Peimine (also known as verticine) is the major bioactive and characterized compound of Fritillariae Thunbergii Bulbus, a traditional Chinese medicine that is most frequently used to relieve a cough. Nevertheless, its molecular targets and mechanisms of action for cough are still not clear. In the present study, potential targets of peimine for cough were identified using computational target fishing combined with manual database mining. In addition, protein-protein interaction (PPI), gene ontology (GO) and Kyoto Encyclopedia of Genes and Genomes (KEGG) pathway enrichment analyses were performed using, GeneMANIA and Database for Annotation, Visualization and Integrated Discovery (DAVID) databases respectively.
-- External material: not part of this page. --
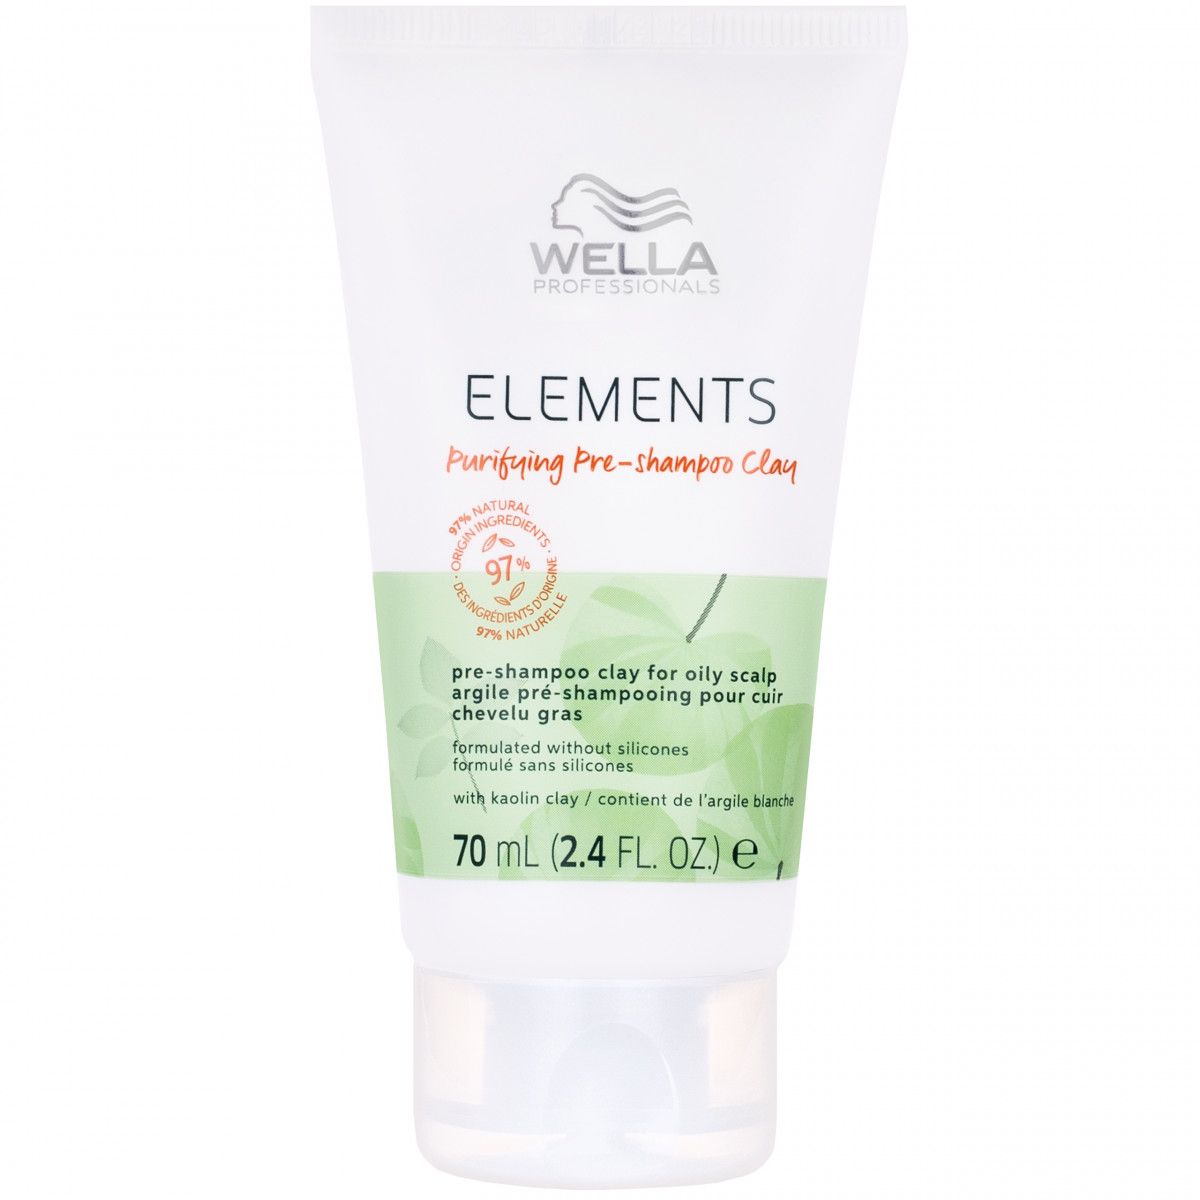 Wella Elements Purifying Pre-shampoo Clay – oczyszczająca glinka do skóry głowy, 70 ml

Finally, an interaction network of drug-targets-pathways was constructed using Cytoscape. The results identified 23 potential targets of peimine associated with cough, and suggested that MAPK1, AKT1 and PPKCB may be important targets of pemine for the treatment of cough. The functional annotations of protein targets were related to the regulation of immunological and neurological function through specific biological processes and related pathways. A visual representation of the multiple targets and pathways that form a network underlying the systematic actions of peimine was generated. In summary, peimine is predicted to exert its systemic pharmacological effects on cough by targeting a network composed of multiple proteins and pathways.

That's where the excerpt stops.